Using Zelle for P2P Payments
Pay friends and family, but steer clear of scams
Need to pay friends and family, but hate dealing with cash and checks? Several P2P services allow you to make personal payments. But—so far—those services require you to set up new accounts and download apps. Zelle is a service that you probably already have access to in your bank’s mobile app, and it excels at moving money quickly.
How Zelle Works
Zelle moves money from one bank account to another. If your bank has a relationship with Zelle, it’s effortless to register and send or receive funds with your bank’s mobile app. To do so, provide an email address or mobile number to identify your Zelle account. Then, you’re ready to send money.
- Where to send: Provide information about the person you’re sending money to. You can use an email address or mobile number.
- Recipient notification: Zelle will inform the recipient about your payment.
- Registration (if necessary): If the recipient does not have an active Zelle account, they’ll need to register. They can do so by using their bank’s app, or they can download the Zelle app.
- Funds available: Payments with Zelle are typically available for spending within a few minutes. However, if the recipient does not use a bank account with a Zelle partnership (and the recipient uses the standalone app instead), the first transfer may take a few days.
Zelle is unique because major U.S. banks are behind it, so it’s a straightforward way to move money quickly.
Fast transfers: Apps like PayPal and Venmo have a virtual “balance,” but they require an extra step to move that money into your bank account. With Zelle, as long as the recipient is an enrolled or “seasoned” user, incoming transfers appear in your available balance in just a few minutes. Square Cash also moves money instantly but it requires both users to have a Square Cash account and provide debit card information.
No new apps or accounts needed: Over 95 million U.S. consumers already have Zelle in their bank’s mobile app. But you might not know that you have access. To find Zelle in your account, look for options for personal payments or transfers. Some banks use their own branding. For example, Chase bank calls the service “Chase QuickPay with Zelle.”
Free to use: Zelle does not charge any fees for transfers, and most banks provide the service for free as well. Banks benefit by reducing the volume of cash and checks customers use, and they’re undoubtedly trying to gain market share from competitors like Venmo and Popmoney.
- Request money: In addition to sending money, you can also ask somebody else to pay you through Zelle.
- Split payments: If you need to share a dinner bill with friends, you can split payments and payment requests in some apps.
- Types of accounts: Depending on your bank, Zelle may make it easier to use savings accounts and prepaid accounts for payments—not just your checking account.

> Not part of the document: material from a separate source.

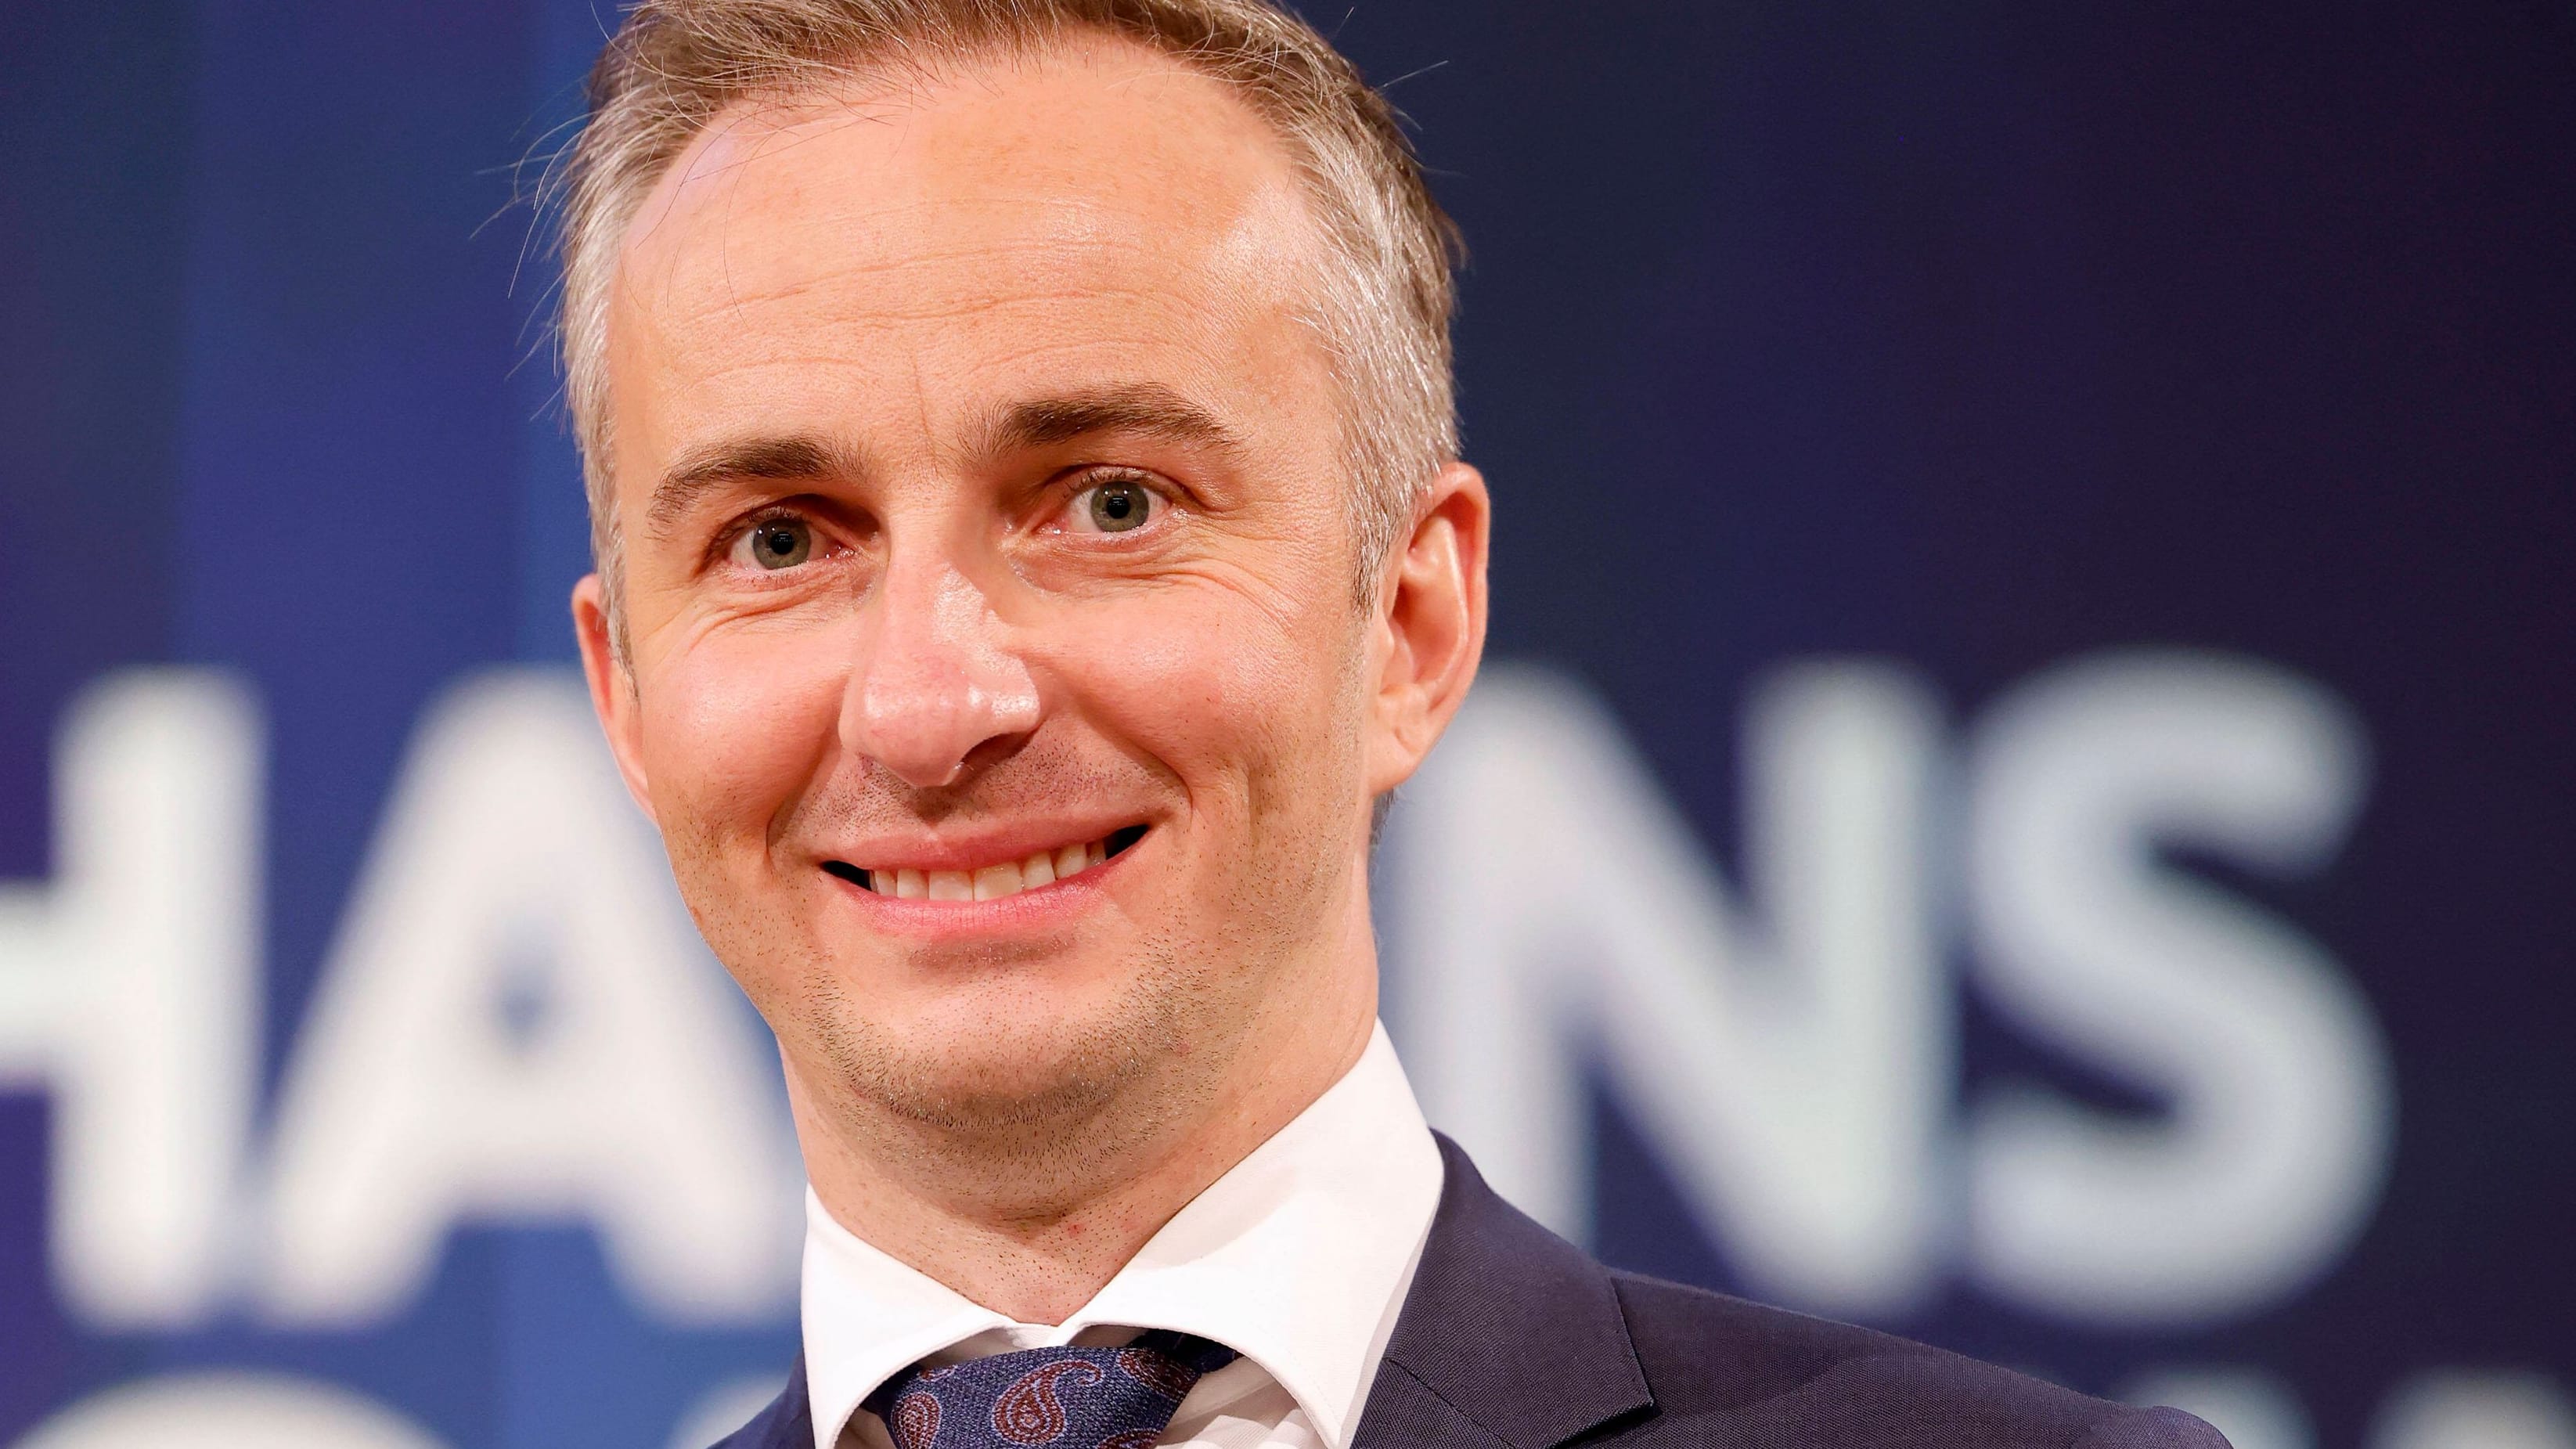 Böhmermann leakt NSU-Akten: CDU wirft ihm Überschreitung der Pressefreiheit vor

If Your Bank Doesn’t Have Zelle
Over 60 banks and credit unions work with Zelle, including some of the biggest U.S. banks. But if your bank isn’t one of them, you can use the Zelle app to send and receive funds. In many cases, you’ll still enjoy quick transfers, as Zelle will zap money to your checking account through your debit card (Visa or Mastercard only, at this time).
As with any payment service, it can be risky to send money with Zelle. But only send funds to people you know and trust—for your share of the rent or dinner bill, Zelle is an excellent choice.
Buying online? Zelle is not designed for buying on sites like eBay or craigslist. You typically cannot cancel payments after you send them, so you’re out of luck if you don’t get what you paid for. For unknown websites and sellers, use services like PayPal or a credit card instead. As with Venmo, ignore demands from con artists who want you to pay with Zelle.
Account security: Your Zelle account is as safe as your bank account. Banks and credit unions use robust systems to prevent problems, but anything is possible. That said, using Zelle should not increase the likelihood of hackers getting into your account. Avoid using your bank’s app on public wi-fi—wait until you’re home or use your mobile phone’s data network instead.
Consumer protection: Zelle feels like a “safe” bank product when it’s an automatic account feature, but there is no consumer protection for these transfers. If you send money to somebody, you’re making an “authorized” transfer, similar to handing over cash. Your bank will not help you if you get ripped off or there’s any dispute.
Venmo vs. Zelle: Venmo’s popularity will be hard for Zelle to overcome. Again, the primary difference between the two apps is that Zelle payments move directly between banks. Venmo has a “balance” that lives at Venmo and must be transferred to your bank if you want to use the money elsewhere. Transfers can take at least one day, but Venmo allows you to make instant transfers through your debit card for $0.25 per transfer. Also, Venmo has the social feed, for better or worse.
PayPal vs. Zelle: PayPal is one of the oldest P2P payment services, and is a better fit for online shopping. If you want Buyer Protection in a given situation (and your transaction is eligible), go with PayPal. PayPal also works with users outside of the U.S., so it’s useful for sending money abroad. And PayPal owns Venmo, so the “balance” and instant transfer features are similar.
Square Cash: Square made a splash by providing near-instant transfers through debit cards—for free. But the competition is catching up. Square Cash is still an excellent service for those who have (or want) a Square Cash account, but brand-new users might find it slightly easier to use Zelle.